FasterCache: Training-Free Video Diffusion Model Acceleration with High Quality

Zhengyao Lv,Chenyang Si,Junhao Song,Zhenyu Yang,Yu Qiao,Ziwei Liu,Kwan-Yee K. Wong
2024-10-25
Abstract:In this paper, we present \textbf{\textit{FasterCache}}, a novel training-free strategy designed to accelerate the inference of video diffusion models with high-quality generation. By analyzing existing cache-based methods, we observe that \textit{directly reusing adjacent-step features degrades video quality due to the loss of subtle variations}. We further perform a pioneering investigation of the acceleration potential of classifier-free guidance (CFG) and reveal significant redundancy between conditional and unconditional features within the same timestep. Capitalizing on these observations, we introduce FasterCache to substantially accelerate diffusion-based video generation. Our key contributions include a dynamic feature reuse strategy that preserves both feature distinction and temporal continuity, and CFG-Cache which optimizes the reuse of conditional and unconditional outputs to further enhance inference speed without compromising video quality. We empirically evaluate FasterCache on recent video diffusion models. Experimental results show that FasterCache can significantly accelerate video generation (\eg 1.67$\times$ speedup on Vchitect-2.0) while keeping video quality comparable to the baseline, and consistently outperform existing methods in both inference speed and video quality.
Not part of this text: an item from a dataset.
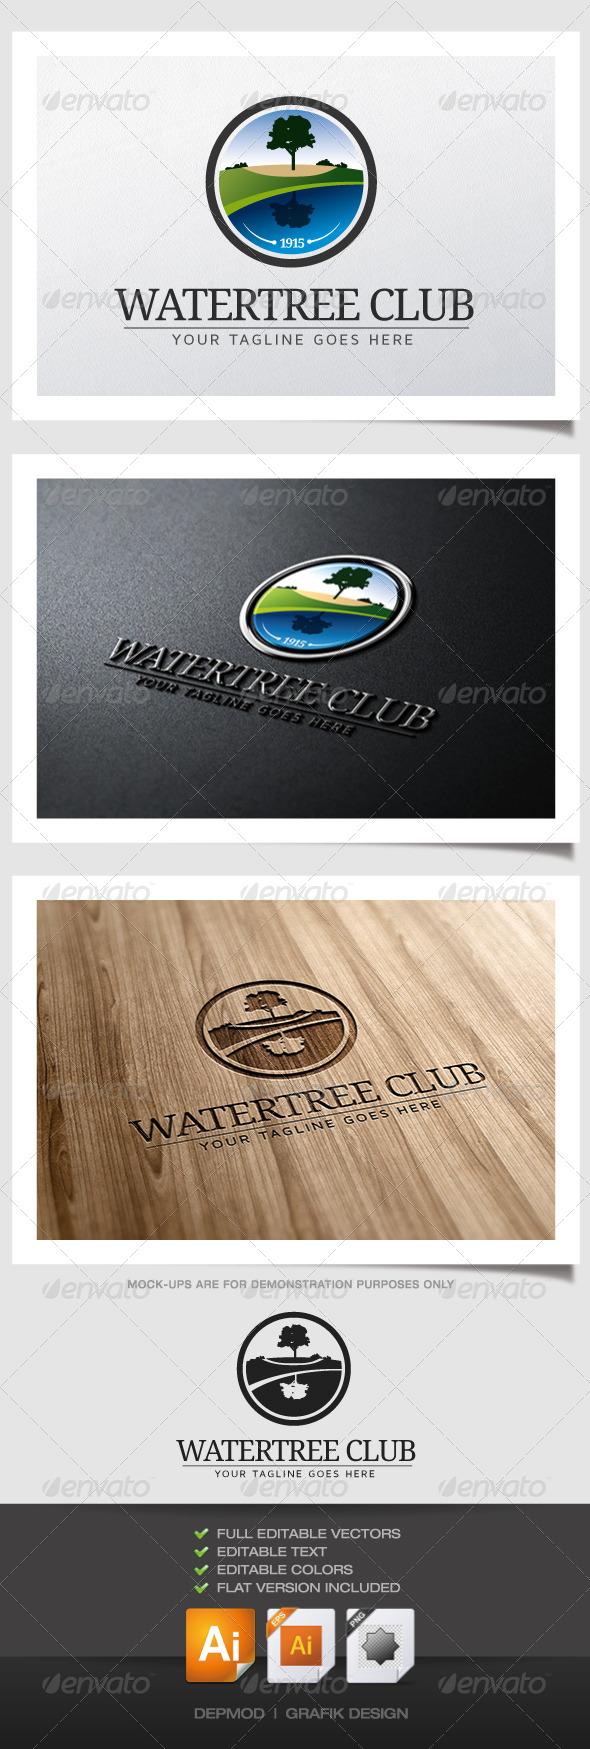 GraphicRiver Watertree Club Logo 6210617

Computer Vision and Pattern Recognition
What problem does this paper attempt to address?
The main problem this paper attempts to address is improving the inference speed of video diffusion models while maintaining the quality of the generated videos. Specifically, although existing caching acceleration methods can effectively reduce computational costs, directly reusing features from adjacent steps leads to a decline in video quality, especially in terms of detail preservation. Additionally, classifier-free guidance (CFG) significantly enhances the quality of synthesized images/videos but also adds extra computational burden, extending the inference time. To tackle these issues, the authors propose FasterCache, a new training-free strategy aimed at accelerating the inference process of video diffusion models through dynamic feature reuse and CFG-Cache techniques, thereby achieving efficient video generation without sacrificing video quality. The key contributions of FasterCache include: 1. **Dynamic Feature Reuse Strategy**: This strategy dynamically adjusts the reused features between different time steps, ensuring that the feature differences and temporal continuity between adjacent time steps are maintained. This allows for accelerated inference while preserving subtle changes and details in the generated videos. 2. **CFG-Cache**: This technique stores the residuals between conditional and unconditional outputs and dynamically enhances the high and low-frequency components of these residuals before reuse, further speeding up the inference process while maintaining video details. Experimental results show that FasterCache achieves significant acceleration across multiple video diffusion models while maintaining or even improving video quality compared to baseline models. For example, on the Vchitect-2.0 model, FasterCache achieved a 1.67x speedup with performance comparable to the baseline model (VBench: Baseline 80.80% → FasterCache 80.84%). In summary, this paper proposes an innovative acceleration strategy by deeply analyzing the limitations of existing caching acceleration methods and the redundancy of CFG. This strategy not only improves inference efficiency but also ensures the quality of generated videos, demonstrating significant practical application value.